WHAT NEEDS TO BE DONE: Lines with the word "pour" are the answer; copy each of them from the data below.

·····

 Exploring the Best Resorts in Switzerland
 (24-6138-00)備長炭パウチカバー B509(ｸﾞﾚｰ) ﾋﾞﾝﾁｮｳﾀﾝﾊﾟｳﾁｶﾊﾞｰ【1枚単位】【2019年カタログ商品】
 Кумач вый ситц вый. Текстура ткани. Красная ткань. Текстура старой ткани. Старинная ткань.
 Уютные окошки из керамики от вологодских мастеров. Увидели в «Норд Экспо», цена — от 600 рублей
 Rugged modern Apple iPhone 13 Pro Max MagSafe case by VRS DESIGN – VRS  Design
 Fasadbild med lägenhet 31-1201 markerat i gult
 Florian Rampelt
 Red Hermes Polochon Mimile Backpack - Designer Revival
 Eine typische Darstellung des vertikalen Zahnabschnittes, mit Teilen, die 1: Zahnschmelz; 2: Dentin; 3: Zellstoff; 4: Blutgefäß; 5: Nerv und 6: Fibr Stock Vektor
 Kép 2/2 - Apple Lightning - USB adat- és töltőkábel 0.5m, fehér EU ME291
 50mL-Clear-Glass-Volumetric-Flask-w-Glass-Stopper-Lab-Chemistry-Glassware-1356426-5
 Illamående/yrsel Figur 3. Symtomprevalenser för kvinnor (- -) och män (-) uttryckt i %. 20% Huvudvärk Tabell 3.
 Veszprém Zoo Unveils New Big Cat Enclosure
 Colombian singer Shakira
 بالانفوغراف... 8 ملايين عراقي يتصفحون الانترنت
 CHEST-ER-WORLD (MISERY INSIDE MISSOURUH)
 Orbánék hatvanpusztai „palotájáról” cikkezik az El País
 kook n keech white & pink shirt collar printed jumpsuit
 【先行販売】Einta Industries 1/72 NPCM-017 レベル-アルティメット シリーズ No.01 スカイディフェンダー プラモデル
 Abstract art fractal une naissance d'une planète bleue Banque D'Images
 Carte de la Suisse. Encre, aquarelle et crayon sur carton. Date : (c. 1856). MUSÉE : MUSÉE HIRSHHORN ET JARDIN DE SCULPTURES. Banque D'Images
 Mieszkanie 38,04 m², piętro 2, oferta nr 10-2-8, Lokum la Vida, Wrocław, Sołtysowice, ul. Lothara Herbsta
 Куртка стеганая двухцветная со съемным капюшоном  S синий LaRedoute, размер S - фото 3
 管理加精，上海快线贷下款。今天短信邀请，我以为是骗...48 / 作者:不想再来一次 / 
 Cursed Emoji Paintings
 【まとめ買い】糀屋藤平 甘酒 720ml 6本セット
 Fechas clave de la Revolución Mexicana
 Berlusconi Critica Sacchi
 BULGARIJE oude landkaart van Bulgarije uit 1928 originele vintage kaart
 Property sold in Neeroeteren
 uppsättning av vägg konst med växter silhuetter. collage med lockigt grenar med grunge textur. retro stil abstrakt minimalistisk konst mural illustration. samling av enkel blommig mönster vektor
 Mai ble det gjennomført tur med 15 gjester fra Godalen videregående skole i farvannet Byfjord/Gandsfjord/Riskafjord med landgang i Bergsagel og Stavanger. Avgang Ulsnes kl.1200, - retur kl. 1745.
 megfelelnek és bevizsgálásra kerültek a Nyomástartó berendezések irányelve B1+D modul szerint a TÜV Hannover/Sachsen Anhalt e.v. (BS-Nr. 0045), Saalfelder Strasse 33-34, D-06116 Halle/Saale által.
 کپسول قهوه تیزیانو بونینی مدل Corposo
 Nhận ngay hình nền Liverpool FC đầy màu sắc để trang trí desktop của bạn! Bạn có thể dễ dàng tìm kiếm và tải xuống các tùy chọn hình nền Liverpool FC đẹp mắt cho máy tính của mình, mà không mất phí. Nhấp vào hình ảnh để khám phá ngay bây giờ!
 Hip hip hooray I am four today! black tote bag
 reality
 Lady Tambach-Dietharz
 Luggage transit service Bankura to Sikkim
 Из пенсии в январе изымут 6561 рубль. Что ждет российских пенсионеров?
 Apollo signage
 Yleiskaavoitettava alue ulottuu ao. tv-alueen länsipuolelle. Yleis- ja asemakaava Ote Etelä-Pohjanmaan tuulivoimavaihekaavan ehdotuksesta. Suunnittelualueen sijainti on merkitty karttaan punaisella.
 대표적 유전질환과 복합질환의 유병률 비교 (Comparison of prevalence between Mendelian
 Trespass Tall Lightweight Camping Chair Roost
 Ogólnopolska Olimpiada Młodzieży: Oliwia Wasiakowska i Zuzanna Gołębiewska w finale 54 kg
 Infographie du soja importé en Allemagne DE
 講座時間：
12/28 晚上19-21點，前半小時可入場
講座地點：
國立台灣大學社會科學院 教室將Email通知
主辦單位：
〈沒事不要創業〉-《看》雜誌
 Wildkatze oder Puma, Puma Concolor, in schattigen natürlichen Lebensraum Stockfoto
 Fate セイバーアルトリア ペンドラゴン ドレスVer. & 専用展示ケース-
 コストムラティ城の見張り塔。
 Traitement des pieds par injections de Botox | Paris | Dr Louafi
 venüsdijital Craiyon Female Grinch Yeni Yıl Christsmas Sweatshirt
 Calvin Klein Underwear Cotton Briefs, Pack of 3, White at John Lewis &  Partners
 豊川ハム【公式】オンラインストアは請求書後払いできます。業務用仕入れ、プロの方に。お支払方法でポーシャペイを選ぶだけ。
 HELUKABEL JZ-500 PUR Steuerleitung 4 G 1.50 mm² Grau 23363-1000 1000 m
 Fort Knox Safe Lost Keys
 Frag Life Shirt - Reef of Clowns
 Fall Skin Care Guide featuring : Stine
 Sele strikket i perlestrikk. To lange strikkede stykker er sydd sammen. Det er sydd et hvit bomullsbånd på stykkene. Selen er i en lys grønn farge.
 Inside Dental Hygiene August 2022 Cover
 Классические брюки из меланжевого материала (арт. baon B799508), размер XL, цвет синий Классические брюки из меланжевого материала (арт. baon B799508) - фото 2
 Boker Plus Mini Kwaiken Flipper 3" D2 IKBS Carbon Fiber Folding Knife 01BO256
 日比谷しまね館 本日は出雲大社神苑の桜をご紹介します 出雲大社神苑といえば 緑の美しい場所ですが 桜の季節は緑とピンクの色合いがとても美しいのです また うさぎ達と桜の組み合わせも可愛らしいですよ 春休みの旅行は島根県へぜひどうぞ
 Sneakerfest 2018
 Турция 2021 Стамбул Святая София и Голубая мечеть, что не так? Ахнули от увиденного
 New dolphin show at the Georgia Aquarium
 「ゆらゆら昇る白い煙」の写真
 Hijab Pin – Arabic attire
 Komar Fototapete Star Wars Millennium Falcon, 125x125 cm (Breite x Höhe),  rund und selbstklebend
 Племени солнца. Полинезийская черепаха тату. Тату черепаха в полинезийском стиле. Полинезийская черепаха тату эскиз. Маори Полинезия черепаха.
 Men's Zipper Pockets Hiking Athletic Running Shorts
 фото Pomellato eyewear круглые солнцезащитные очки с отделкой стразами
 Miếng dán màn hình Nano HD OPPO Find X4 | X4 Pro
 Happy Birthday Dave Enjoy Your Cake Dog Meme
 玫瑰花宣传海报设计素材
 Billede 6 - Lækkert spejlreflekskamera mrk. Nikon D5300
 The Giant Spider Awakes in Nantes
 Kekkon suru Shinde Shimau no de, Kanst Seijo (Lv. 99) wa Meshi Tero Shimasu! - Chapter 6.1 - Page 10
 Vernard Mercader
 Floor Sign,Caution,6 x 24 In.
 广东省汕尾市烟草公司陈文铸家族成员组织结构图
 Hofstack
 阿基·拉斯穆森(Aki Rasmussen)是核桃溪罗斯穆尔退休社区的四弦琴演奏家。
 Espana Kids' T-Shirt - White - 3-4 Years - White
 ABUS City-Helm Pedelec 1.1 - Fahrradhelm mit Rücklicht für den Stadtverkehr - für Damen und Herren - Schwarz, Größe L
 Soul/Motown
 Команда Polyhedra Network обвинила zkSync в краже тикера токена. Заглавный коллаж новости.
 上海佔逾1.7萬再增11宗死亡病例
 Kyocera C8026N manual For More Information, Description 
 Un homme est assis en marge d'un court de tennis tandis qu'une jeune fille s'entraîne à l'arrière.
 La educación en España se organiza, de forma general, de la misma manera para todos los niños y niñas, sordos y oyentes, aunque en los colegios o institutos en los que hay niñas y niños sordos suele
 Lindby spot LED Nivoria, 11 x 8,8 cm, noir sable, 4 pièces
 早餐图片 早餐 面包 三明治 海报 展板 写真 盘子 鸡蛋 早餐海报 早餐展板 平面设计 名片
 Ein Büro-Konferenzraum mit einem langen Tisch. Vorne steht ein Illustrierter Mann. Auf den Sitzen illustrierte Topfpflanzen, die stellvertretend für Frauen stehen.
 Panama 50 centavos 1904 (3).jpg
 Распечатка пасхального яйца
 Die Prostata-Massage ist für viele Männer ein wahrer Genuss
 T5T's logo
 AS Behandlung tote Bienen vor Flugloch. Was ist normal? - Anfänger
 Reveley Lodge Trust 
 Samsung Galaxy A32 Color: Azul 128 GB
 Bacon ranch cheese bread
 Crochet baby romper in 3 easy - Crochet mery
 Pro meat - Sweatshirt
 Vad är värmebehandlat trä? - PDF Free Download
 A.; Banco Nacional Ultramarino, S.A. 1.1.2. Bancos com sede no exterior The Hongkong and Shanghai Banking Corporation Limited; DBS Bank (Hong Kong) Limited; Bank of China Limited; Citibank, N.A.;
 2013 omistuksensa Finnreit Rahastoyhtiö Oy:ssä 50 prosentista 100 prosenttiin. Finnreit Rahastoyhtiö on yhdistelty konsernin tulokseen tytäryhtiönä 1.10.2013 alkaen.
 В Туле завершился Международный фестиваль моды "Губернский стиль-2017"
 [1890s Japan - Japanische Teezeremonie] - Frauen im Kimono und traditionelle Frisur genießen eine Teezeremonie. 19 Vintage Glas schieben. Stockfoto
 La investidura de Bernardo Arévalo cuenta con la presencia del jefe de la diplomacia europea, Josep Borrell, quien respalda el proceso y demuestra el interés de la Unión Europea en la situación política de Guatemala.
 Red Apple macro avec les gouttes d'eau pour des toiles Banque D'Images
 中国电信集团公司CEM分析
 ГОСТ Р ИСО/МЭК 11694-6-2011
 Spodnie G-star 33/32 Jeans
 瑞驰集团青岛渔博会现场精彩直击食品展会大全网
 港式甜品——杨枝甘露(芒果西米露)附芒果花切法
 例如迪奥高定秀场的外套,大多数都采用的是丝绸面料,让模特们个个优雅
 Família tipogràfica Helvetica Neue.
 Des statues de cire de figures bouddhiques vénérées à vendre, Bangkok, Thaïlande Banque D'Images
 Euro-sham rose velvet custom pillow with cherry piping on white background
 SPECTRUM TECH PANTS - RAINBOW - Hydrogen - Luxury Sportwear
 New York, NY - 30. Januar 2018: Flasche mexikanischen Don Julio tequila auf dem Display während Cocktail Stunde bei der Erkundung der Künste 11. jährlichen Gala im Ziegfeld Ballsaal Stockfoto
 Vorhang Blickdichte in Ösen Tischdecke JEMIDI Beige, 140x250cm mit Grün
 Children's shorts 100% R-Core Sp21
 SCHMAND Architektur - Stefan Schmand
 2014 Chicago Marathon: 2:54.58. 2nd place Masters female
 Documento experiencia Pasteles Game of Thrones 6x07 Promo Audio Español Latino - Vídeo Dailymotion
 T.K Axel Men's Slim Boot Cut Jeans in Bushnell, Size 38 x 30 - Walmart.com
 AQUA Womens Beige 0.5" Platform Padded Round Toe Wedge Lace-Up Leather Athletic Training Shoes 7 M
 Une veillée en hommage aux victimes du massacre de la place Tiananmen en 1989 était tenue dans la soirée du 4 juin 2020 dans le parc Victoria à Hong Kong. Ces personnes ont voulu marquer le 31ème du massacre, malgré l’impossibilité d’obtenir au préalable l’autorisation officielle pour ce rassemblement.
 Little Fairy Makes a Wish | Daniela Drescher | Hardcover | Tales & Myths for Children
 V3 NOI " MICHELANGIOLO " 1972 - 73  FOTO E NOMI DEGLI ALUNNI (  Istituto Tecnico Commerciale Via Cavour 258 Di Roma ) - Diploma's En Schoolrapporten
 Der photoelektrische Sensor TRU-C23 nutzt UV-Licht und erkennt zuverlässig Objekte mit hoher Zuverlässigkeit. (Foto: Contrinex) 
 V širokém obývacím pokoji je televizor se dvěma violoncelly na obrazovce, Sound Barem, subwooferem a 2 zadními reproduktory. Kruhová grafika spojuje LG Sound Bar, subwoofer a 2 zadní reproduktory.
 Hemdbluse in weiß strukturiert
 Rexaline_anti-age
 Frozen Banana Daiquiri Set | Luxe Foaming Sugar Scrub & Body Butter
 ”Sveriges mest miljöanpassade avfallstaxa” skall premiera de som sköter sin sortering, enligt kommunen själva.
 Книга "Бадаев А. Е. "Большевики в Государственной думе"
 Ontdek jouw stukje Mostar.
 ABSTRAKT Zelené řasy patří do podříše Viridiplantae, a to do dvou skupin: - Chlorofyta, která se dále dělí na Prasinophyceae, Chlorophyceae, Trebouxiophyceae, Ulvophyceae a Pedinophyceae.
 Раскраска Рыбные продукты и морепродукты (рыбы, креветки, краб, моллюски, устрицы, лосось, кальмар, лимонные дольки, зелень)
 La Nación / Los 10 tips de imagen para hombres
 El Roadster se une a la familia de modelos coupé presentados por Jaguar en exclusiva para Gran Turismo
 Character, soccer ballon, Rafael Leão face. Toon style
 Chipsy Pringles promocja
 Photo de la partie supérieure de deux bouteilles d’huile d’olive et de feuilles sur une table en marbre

·····

TASK RESULT:
 Red Apple macro avec les gouttes d'eau pour des toiles Banque D'Images
 Une veillée en hommage aux victimes du massacre de la place Tiananmen en 1989 était tenue dans la soirée du 4 juin 2020 dans le parc Victoria à Hong Kong. Ces personnes ont voulu marquer le 31ème du massacre, malgré l’impossibilité d’obtenir au préalable l’autorisation officielle pour ce rassemblement.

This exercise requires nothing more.